Valoré la noción de oportunidad bien aprovechada, ¿o intuición?, que me transmitieron sus relatos basados en sus experiencias de años atrás, allá por el 78, cuando vivía con su familia en las calles Dolores Sucre y Maracaibo, al sur de Guayaquil, frente a la casa de su suegro, el arqueólogo Emilio Estrada Ycaza (1916-1961). Henri había desarrollado una pasión por la fotografía en blanco y negro, y se estaba iniciando en técnicas del revelado. Incluso tenía un laboratorio en aquella casa que albergaba piezas arqueológicas: hallazgos que Emilio Estrada exponía en vitrinas y que poco a poco se convirtieron en una genuina responsabilidad para Henri. “Llamábamos a ese espacio un museo, pero realmente era su estudio, él trabajaba y estudiaba ahí. Poco después me enteré que sus piezas arqueológicas pasarían a formar parte del Museo del Banco Central. Me dije: conozco de fotografía, puedo revelar en blanco y negro, tengo estas piezas aquí al lado… debo hacer algo al respecto”.1
Con su cámara analógica (twin lens) de aquel entonces Molina llegó a tomar aproximadamente 250 fotografías arqueológicas. Cuando elegía uno de estos tesoros primitivos los ponía delante de un manto negro, y con escasos accesorios jugaba con la luz. Existe una especie de nostalgia al imaginar gráficamente su trabajo: el lente de arriba permitía mirar la imagen que el lente de abajo iba a tomar. Se trataba de un proceso con respecto al producto final —diferente al que ocurre en el presente—. “En la pantalla de la cámara análoga yo manejaba las luces a través de mecanismos totalmente diferentes a los actuales”.2 Era la época en la que uno elegía el tipo de rollo fotográfico que más le convenía según las diferentes sensibilidades de estos con respecto a la luz. El rollo se introducía en la cámara y ahí empezaba la aventura del registro de la imagen. Era un juego, una apasionada búsqueda de perfección, pero a través del tiempo sus fotos se volvieron registros invaluables: son piezas que contienen nuestra identidad e historia.

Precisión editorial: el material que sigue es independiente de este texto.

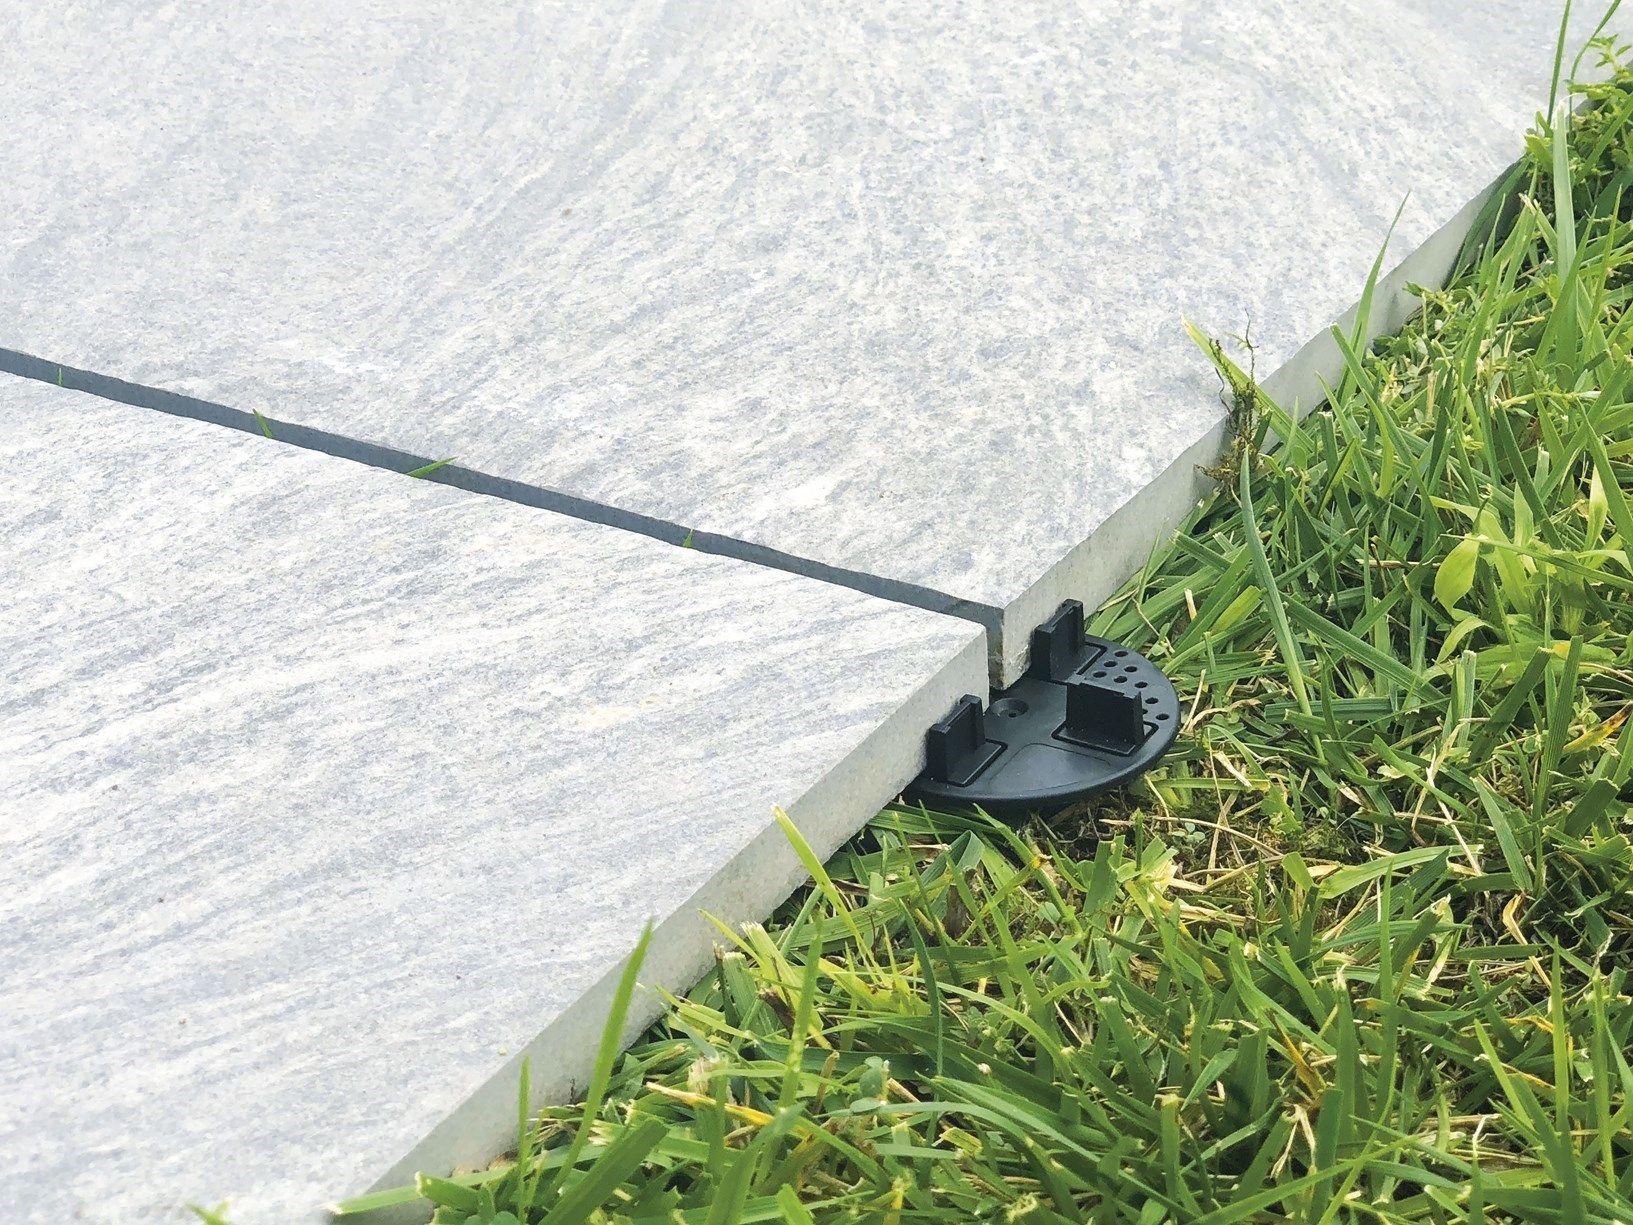 Impertek per le pavimentazioni esterne sopraelevate

Los rollos de arqueología produjeron negativos que en los setenta Henri inventarió y conserva hasta hoy en carpetas impecablemente ordenadas. Quedaron guardadas, como un legítimo recuerdo por cuatro décadas, hasta que hace pocos años adquirió un escáner para explorar con la impresión de las transparencias. Alguna vez había tratado con un escáner antiguo, pero no le agradó el resultado. Luego lo hizo con un aparato más actualizado y quedó cautivado con lo que observó: sus archivos recobraron vida. Las fotos arqueológicas salieron del silencio de años y se transportaron a un texto que está al alcance del mundo entero.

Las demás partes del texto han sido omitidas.